Yiyun Li’s latest novel was inspired by a real-life poisoning case in China in 1995, in which a 19-year-old student was paralysed and severely disabled, but did not die. The culprit was never discovered, but suspicion still falls on a roommate from a well-connected family who subsequently fled to America.

The slow poisoning in Kinder Than Solitude, committed on an outspoken student activist by someone in a tight group of three teenage friends, takes place in the aftermath of the 1989 Tiananmen Square protests, but this is not an outwardly political tale; it has much more to say about the interior lives of the three kids, now adults in their 40s, and the psychological repercussions of a youthful transgression.

“I’ve always been curious about poisoning,” Li tells me with a sweet, conspiratorial smile. “I think any murder is interesting, any murder is a plot. Murders with a knife or a gun, or if you strangle someone, it has a lot to do with passion and impulse, but poisoning is a very cold-blooded, plotted murder. It’s very passive-aggressive, it’s an intimate crime – you have to know someone well to be able to do it, you have to know their habits, the food they eat. So I started with the thought that I wanted to write the psychological violence of the poisoning case.”
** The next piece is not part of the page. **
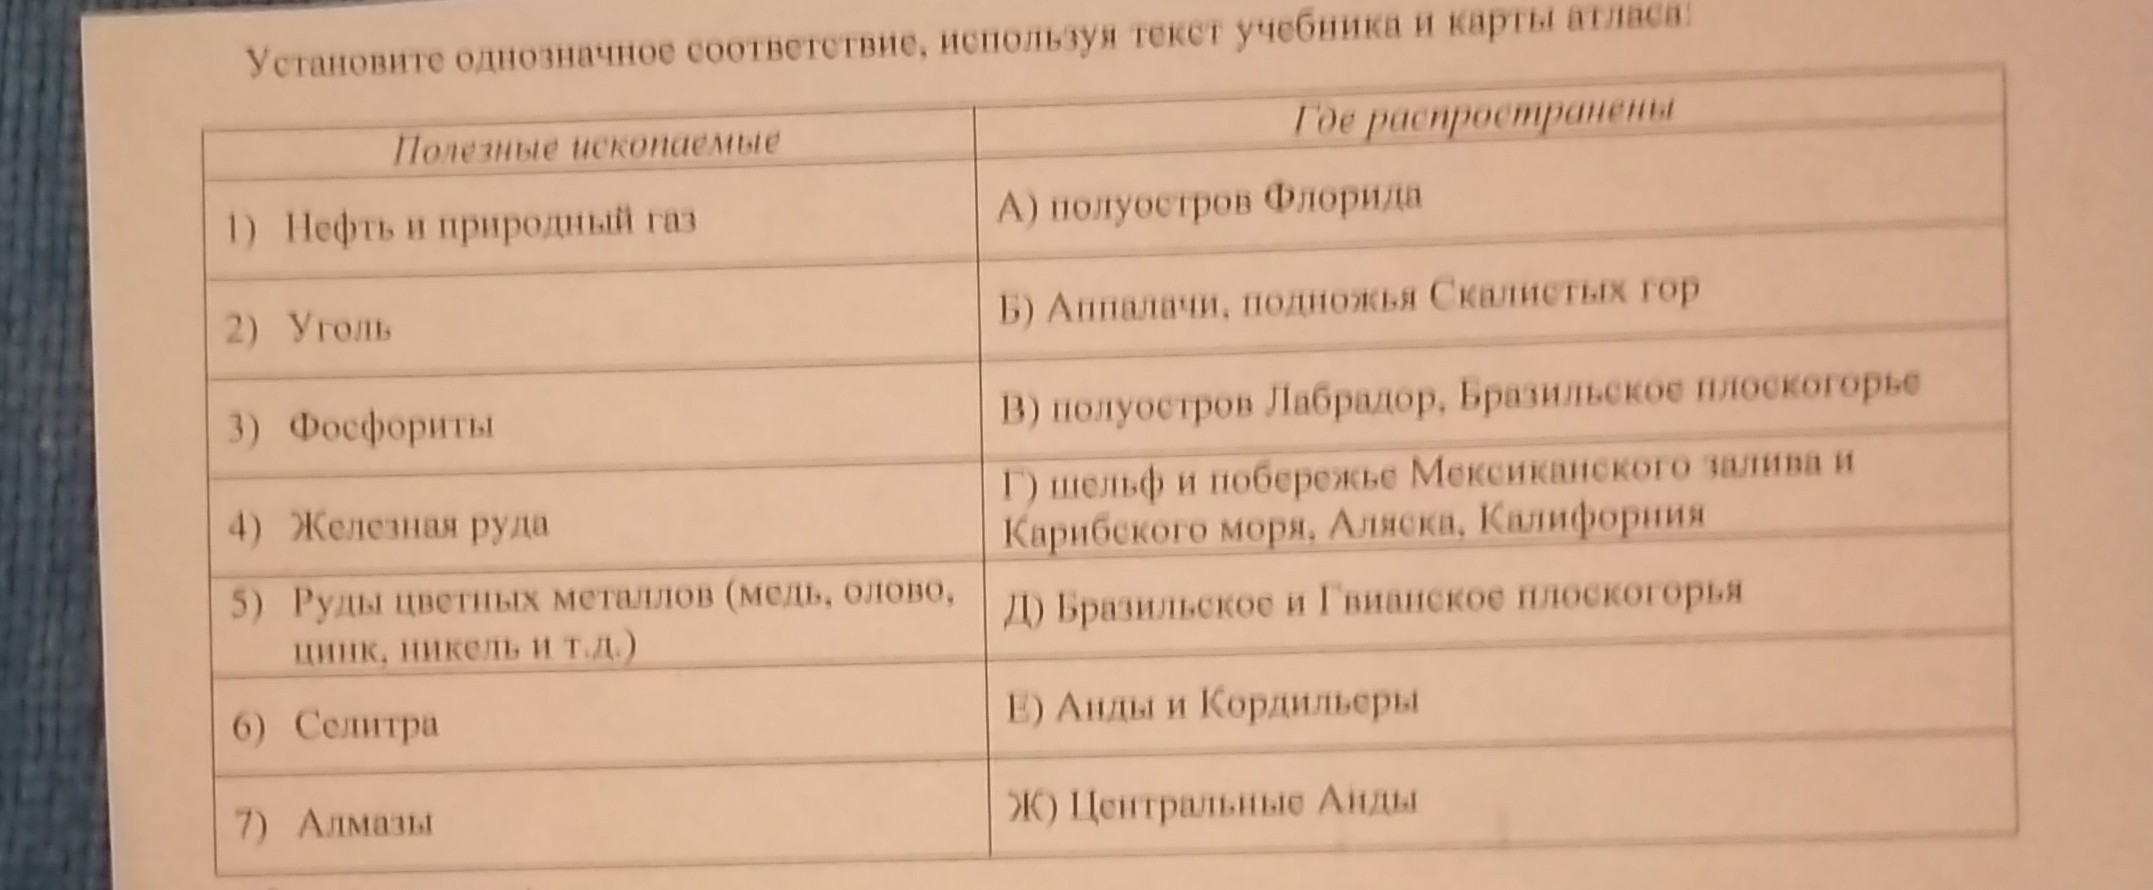 На основе текста учебника данных табл 6. Использую карту атласа составьте список водохранилищ России.

The real-life poisoning was a collective mystery for Li’s generation, and she uses it as a starting point for a quietly gripping exploration of damaged lives.

“The poisoning came before anything else,” she explains. “I knew there was a poisoning, and I knew the woman at the centre who was poisoned. I didn’t know her well when I started; I knew she was going to be at the centre as an absence. And then I started to know her a little bit and clearly she was connected to the protest. I don’t think Tiananmen Square is a big part of the novel. It’s very far in the background. My major motivation was to find out who the other characters were, and how it happened that this one woman got poisoned. And so I started to learn about the other three characters by writing them.”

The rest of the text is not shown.